Osmanlı Müdafaa-ı Hukûk-ı Nisvan Cemiyeti (Ottoman Society for the Defense of Women's Rights) was a women's organization in the Ottoman Empire, founded in 1913. It was the first Muslim women's organization as well as the main women's suffrage organization in Ottoman Empire and later day Turkey.

==History==
The issue of women's rights had been discussed during the Tanzimat era of modernization reforms in the 19th century, when girls' schools had been founded and a women's press emerged. However, it was not until after the Revolution of 1908 that it became possible to establish a political organization to actively work for women's rights. The Osmanlı Müdafaa-ı Hukûk-ı Nisvan Cemiyeti was founded by Nuriye Ulviye Mevlan Civelek in 1913. It became the main force within the new Turkish women's movement.

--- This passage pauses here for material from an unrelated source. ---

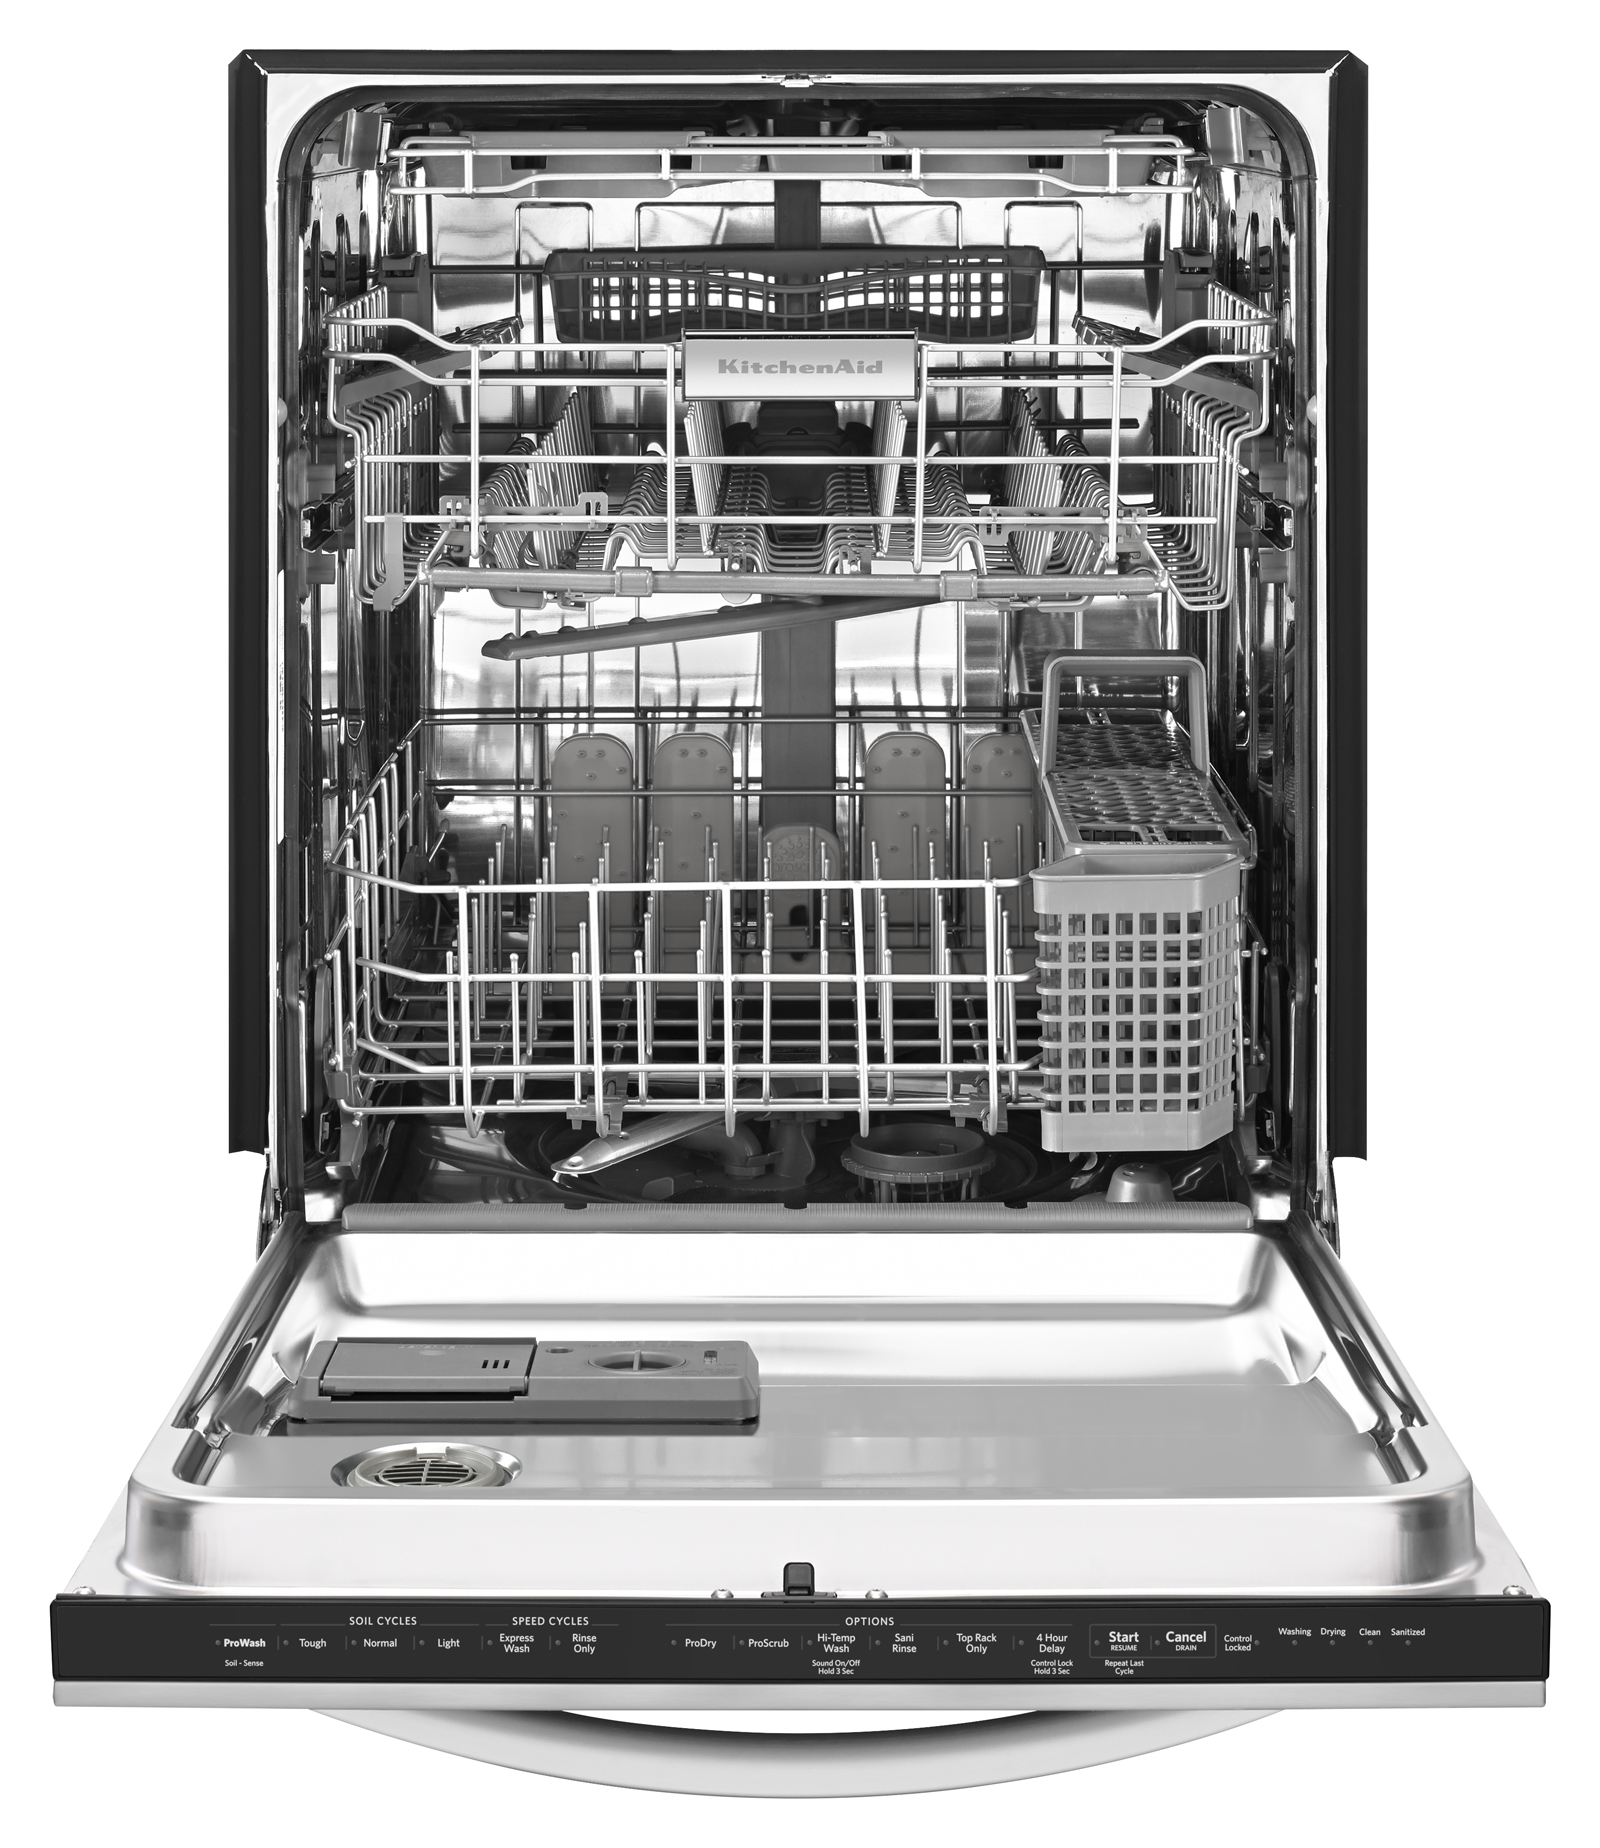 KitchenAid 24-in. Built-in Dishwasher w/ ProScrub® Trio and Third Rack - Black

The organization mainly worked through the women's magazine Women's World (Kadınlar Dünyası), which had been established the same year. The magazine voiced the demands of the organization. The Osmanlı Müdafaa-ı Hukûk-ı Nisvan Cemiyeti advocated for women's liberation and participation in society alongside men by educating and enrolling women in the work force.

It also spoke in favor of dress reform and advocated the removal of the veil, at least by replacing the full covering veil with a simple headscarf. The Kadınlar Dünyası was the first Muslim magazine to publish photographs of women (highly controversial at the time) and featured unveiled women dressed in modern costumes, primarily members and contributors of the Osmanlı Müdafaa-ı Hukûk-ı Nisvan Cemiyeti and the Kadınlar Dünyası.